In order to assess overall helmet performance across all tests, a metric called the Helmet Performance Score (HPS) was developed as the weighted sum of HARM scores at each test condition:

$$HPS = \mathop \sum \limits_{i = 1}^{18} M_{i} \left( {HARM} \right)_{i}$$
(2)

The weights Mi were based upon the incidence of concussive impacts in NFL games by impact location and speed. Further details are provided by Gabler et al.14 and are provided in the helmet test protocol.5

The formulation of HPS involves calculating the HARM for each test condition by using a weighting coefficient (Mi) and then summing across 18 test conditions based on the combination of the six impact locations and three velocities (Eq. 2, Table 2). A weight was assigned to each test condition to reflect the on-field incidence of concussion by location and speed (See supplemental material). In order to normalize the severity of individual test conditions and ensure that the desired weighting effect was achieved, the weighting coefficients (Mi) were derived by dividing the test condition weight by the average HARM from a sample of previously tested helmets at that test condition.

Table 2 Coefficients (Mi) used to weight the contribution of each test condition in the calculation of the Helmet Performance Score (HPS).

Evaluation of the Test Method

Laboratory testing was performed on 36 helmet models used by NFL players. The smallest size which encompassed the dimensions of the Hybrid III headform based on manufacturer-provided sizing charts was tested for each model so long as the pressure between the helmet and headform did not exceed 70 kPa.5 All helmets were size large except for the Vicis Zero1, which was a size B. Helmets with customizable fits were customized to fit the Hybrid III head geometry.

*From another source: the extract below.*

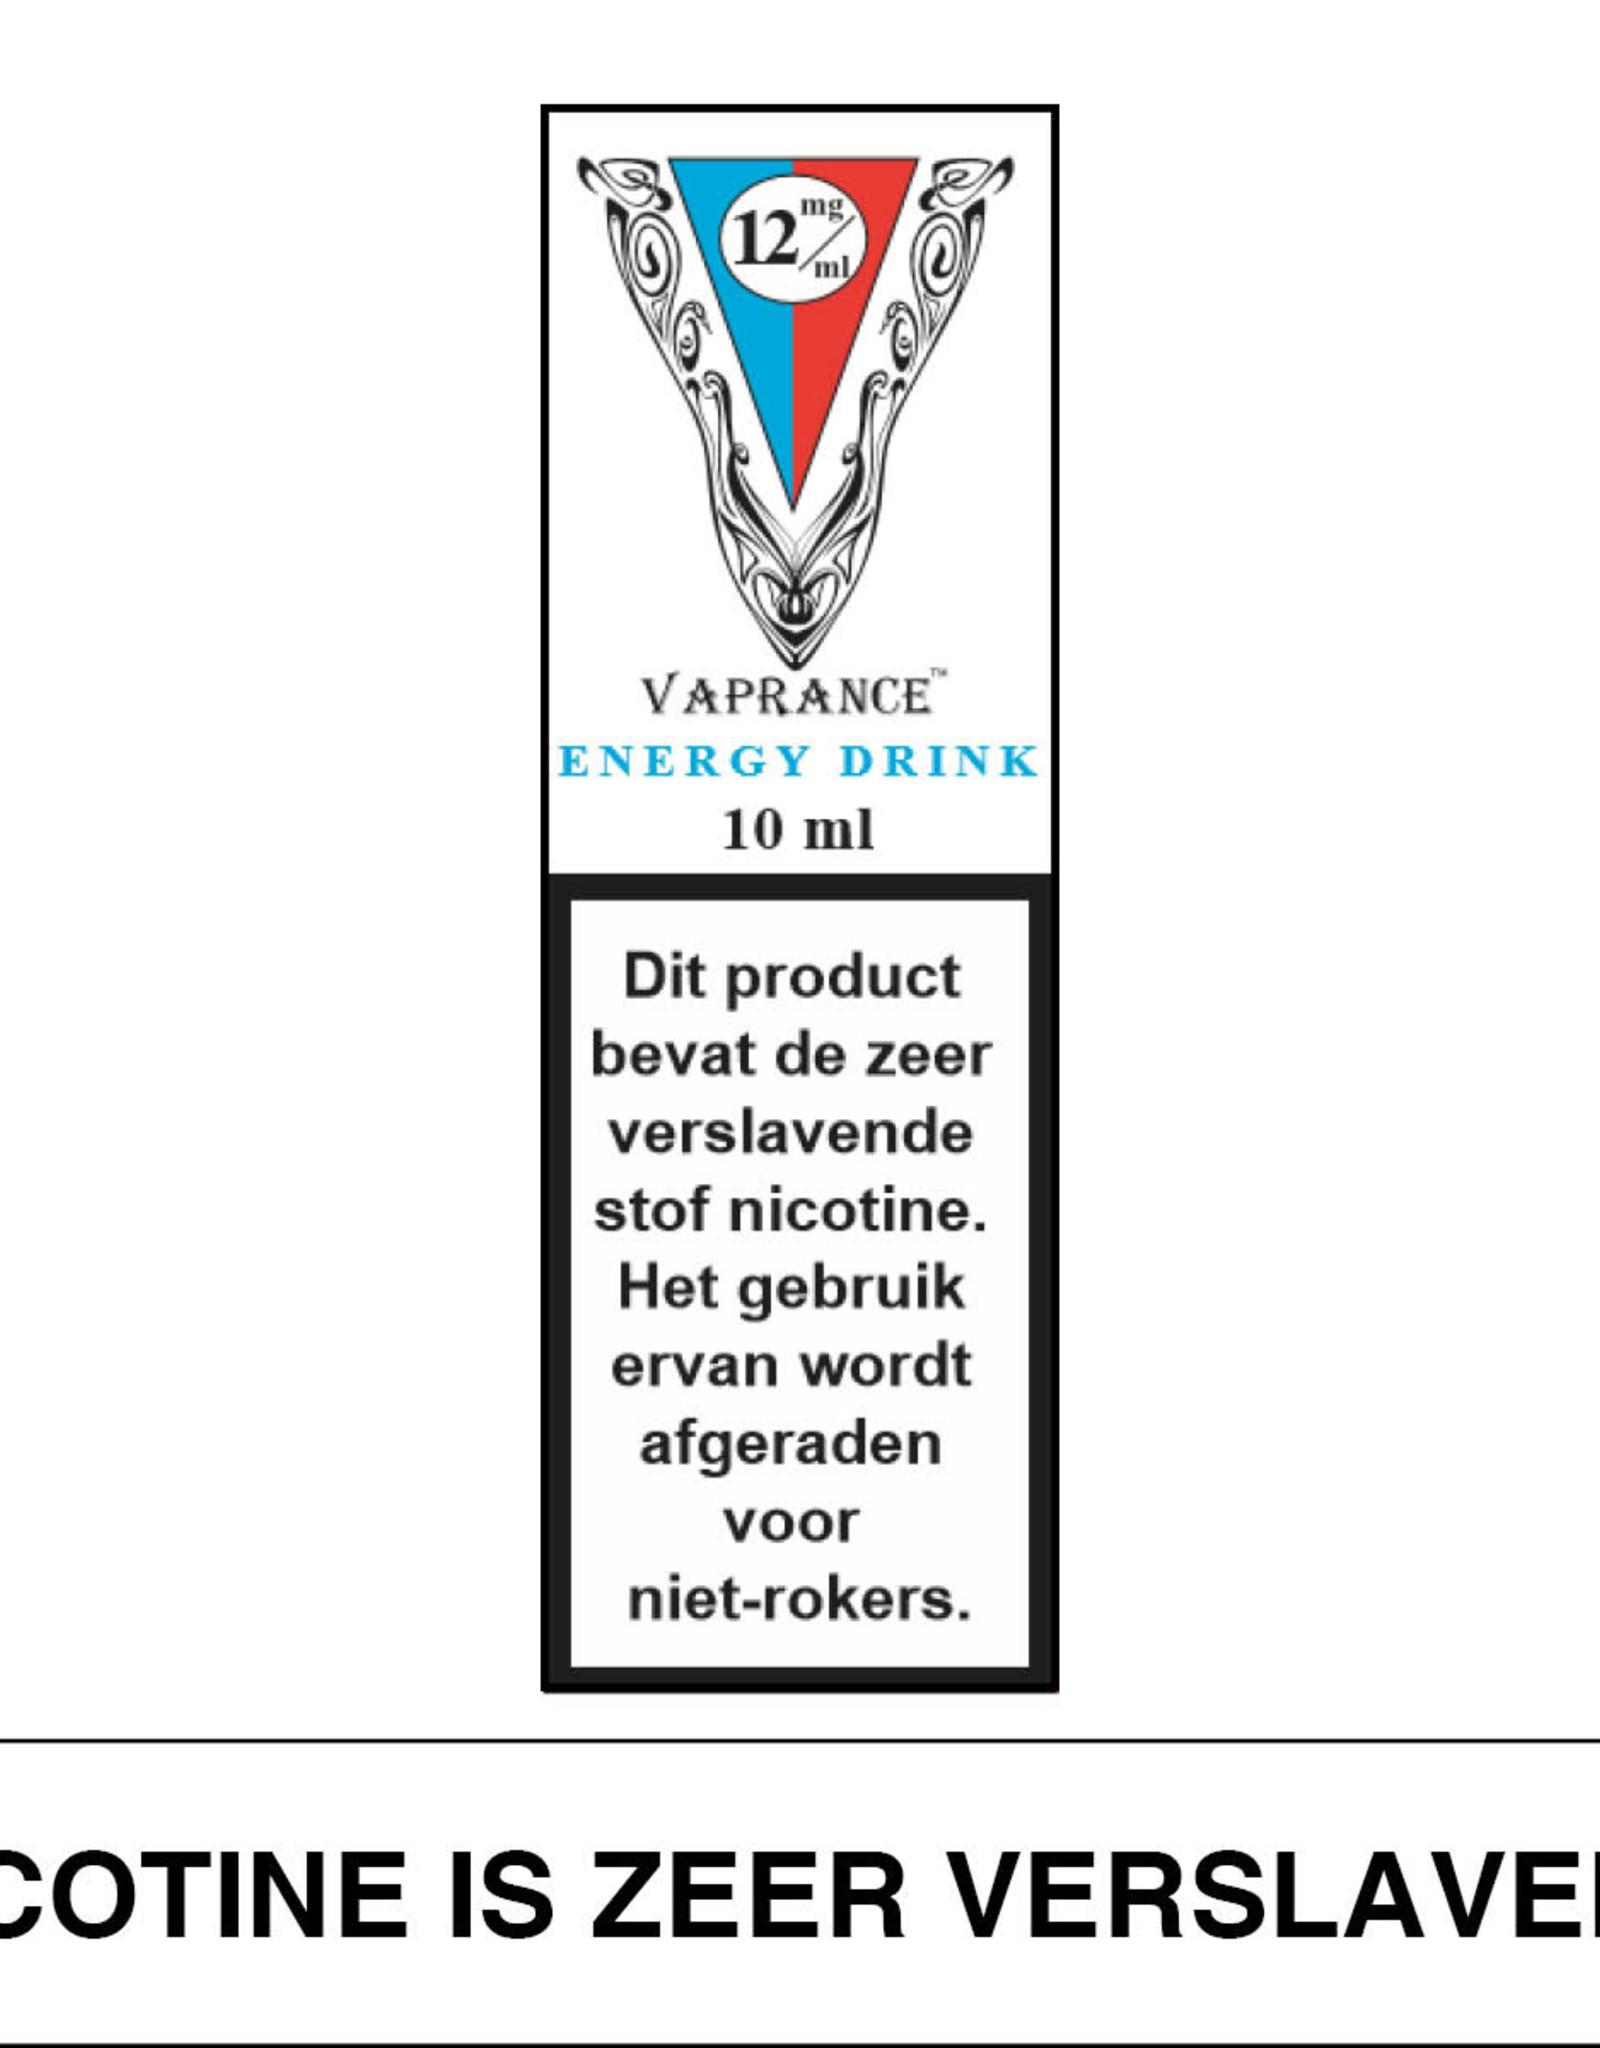 Vaprance Vaprance White Label Energy Drink 18 mg Nicotine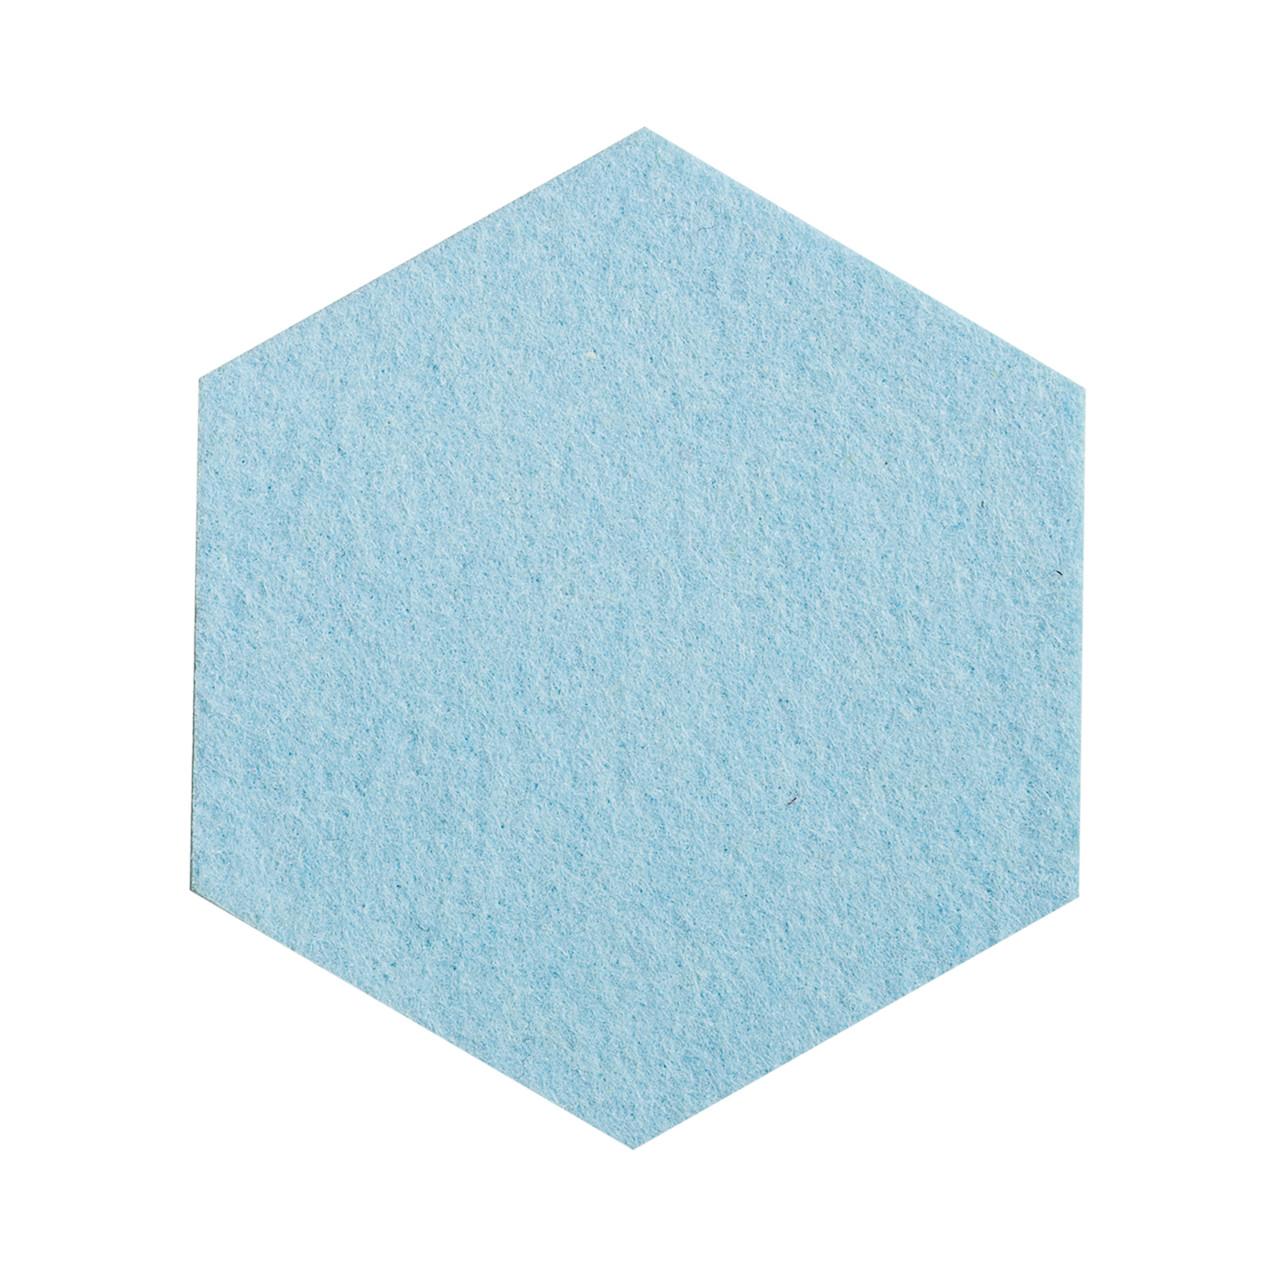 Cr ton maison filtcoasters sekskantetede 6 stk 10 cm for Creton maison

Testing was performed in two laboratories (Biokinetics and Associates Ltd., Ottawa, ON, Canada and Biocore LLC, Charlottesville, VA, USA) using the aforementioned test apparatus and test conditions. The pneumatic impactor (Biokinetics and Associates Ltd., Ottawa, ON, Canada) with a total ram mass of 15.6 ± 0.5 kg was propelled toward a Hybrid III 50th male head and neck attached to the slider table (Biokinetics and Associates Ltd., Ottawa, ON, Canada) (Fig. 3a). A 6-axis Hybrid III femur load cell (N6ACC11A, MG Sensor, Rheinmuenster, Germany) was attached in line with the impactor shaft to measure impact forces. The newly-designed impactor end cap was spherically shaped (140 mm radius sphere, 203 mm diameter cap) and was fabricated from extruded nylon 6/6. The end cap was attached with Velcro to a cylindrical (41.3 mm thick, 127 mm diameter) piece of vinyl nitrile foam (VN600, DerTex, Inc., Saco, Maine), which in turn was attached with Velcro to a circular (127 mm diameter) metal backing plate on the ram (Fig. 3a). The 50th percentile male Hybrid-III test dummy head was instrumented using a nine-accelerometer package (NAP) (Endevco 7264B-2000, Meggitt, Irvine, CA) in Lab 1, and a 6DX Pro with an array of six collinear accelerometers (Endevco 7264B-2000, Meggitt, Irvine, CA; 6DX-Pro-2000-18000, Diversified Technical Systems, Seal Beach, CA) was used in Lab 2. These sensor packages were previously shown to provide statistically similar results.9 Post-impact travel of the ram was limited to 170 ± 5 mm and laboratory temperature was kept constant at 22 ± 2 °C.

Figure 3
figure 3

(a) Pneumatic ram and slider table used for laboratory testing. (b) Impact location vectors derived from videogrammetry data.3 (c) Demonstration of the use of the nose gauge and helmet positioning index (left). A secondary measurement (back distance) between the center of the lower back of the helmet shell and the neck base may be measured using calipers to ensure that the helmet is seated on the head repeatably (right).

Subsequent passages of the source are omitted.